Orca enthusiasts gathered on the shores of Seattle’s Akli Beach Tuesday evening to hold a candlelight vigil for those lost over the past year.

That’s because 2016 has been the deadliest year for Southern Resident killer whales in two decades.

Related: Food scarcity could threaten NW orcas

Three Seattle vigils were held Tuesday to pay tribute to those lost and also to send a message to protect the surviving orca.

“This population of animals cannot afford to lose any more of their breeding females if we hope to see them in future years,” said vigil organizer Rachel Carbary.

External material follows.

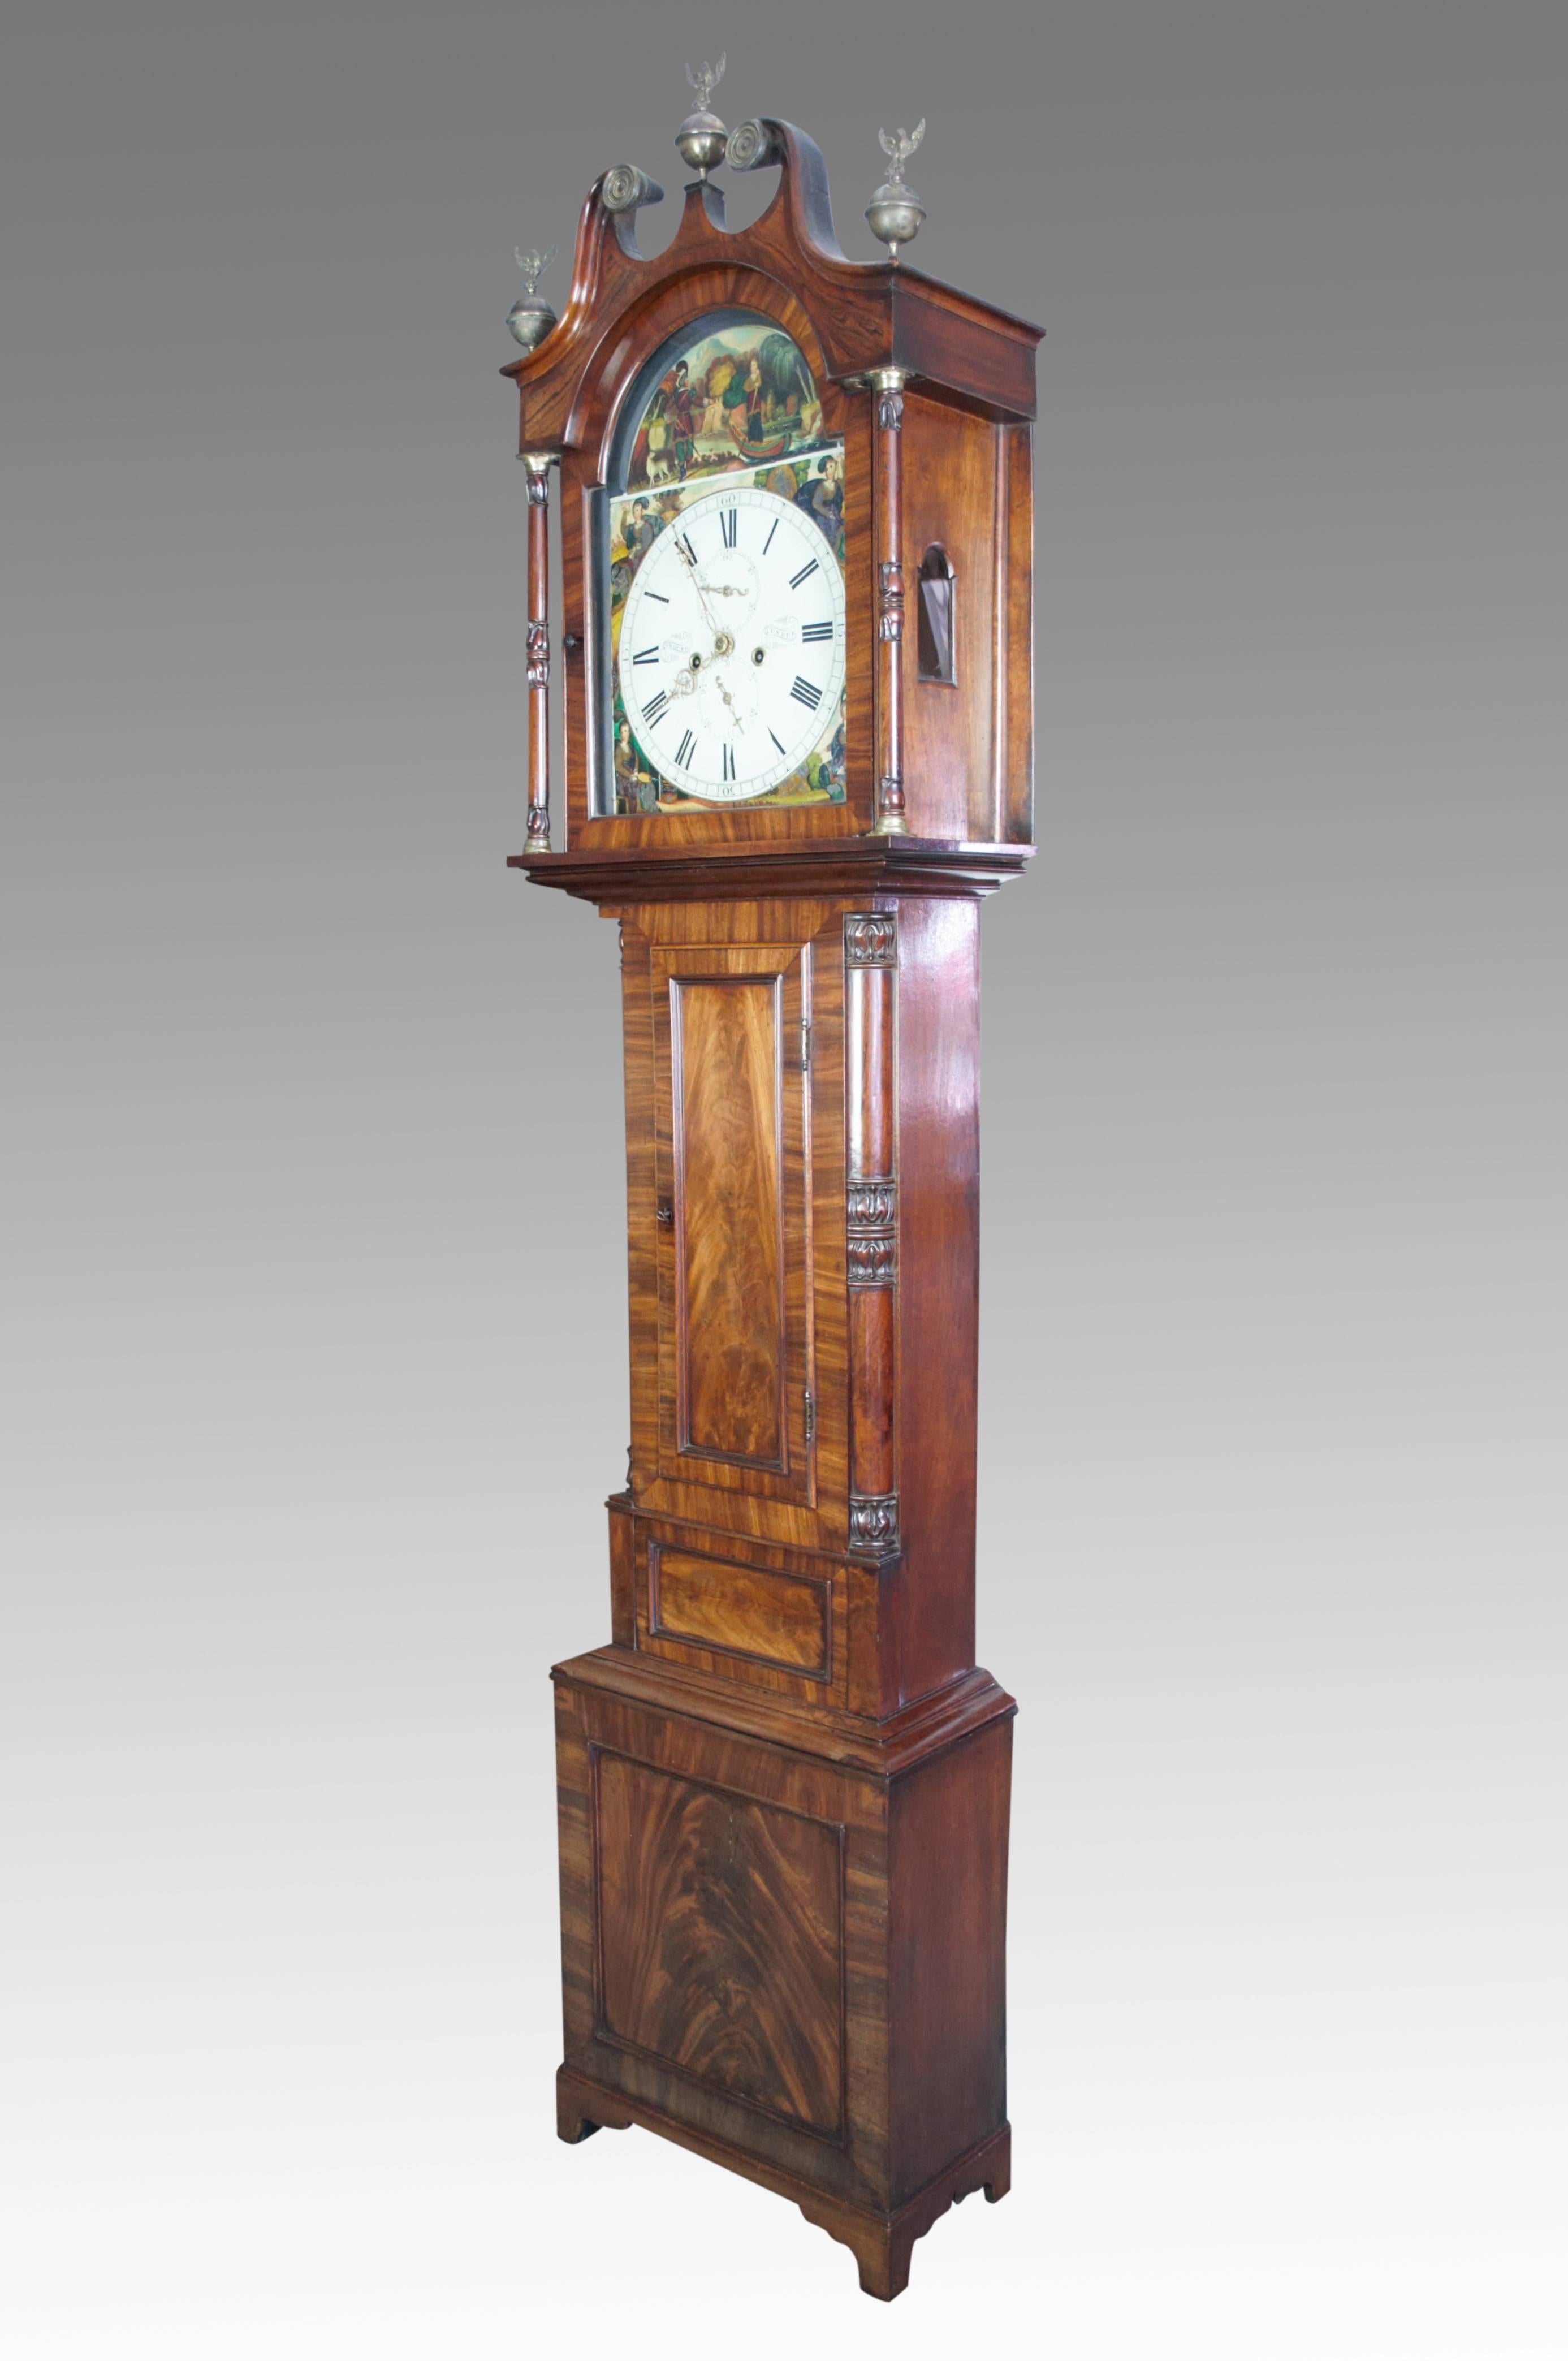 A high quality mahogany Scottish longcase clock by William Young of Dundee, with 8 day movement and hourly strike. The arched painted dial with Roman numerals, a seconds dial and date dial. Painted in each corner with scenes of the Four Seasons and

“We could not save J34, J28, J54, L95, J14, or J55,” she said listing off the titles of the whales who died over the past year. “Let’s work together to save the rest.”

Southern resident orca

According to KIRO 7, not all of the six whales that passed away in 2016 have been found. Those who have been recovered died from various causes, including disease, blunt force trauma and starvation. The most recent death occurred last week. An orca washed up on the Sunshine Coast in British Columbia.

There are only 79 Southern Resident orca left in the region. KIRO 7 reports that their diet consists of primarily Chinook salmon – a population that has decreased by half since the 1980s.

Orca advocates are urging state lawmakers to take steps to protect salmon and killer-whale populations, including removing dams on the lower Snake River where many fish spawn.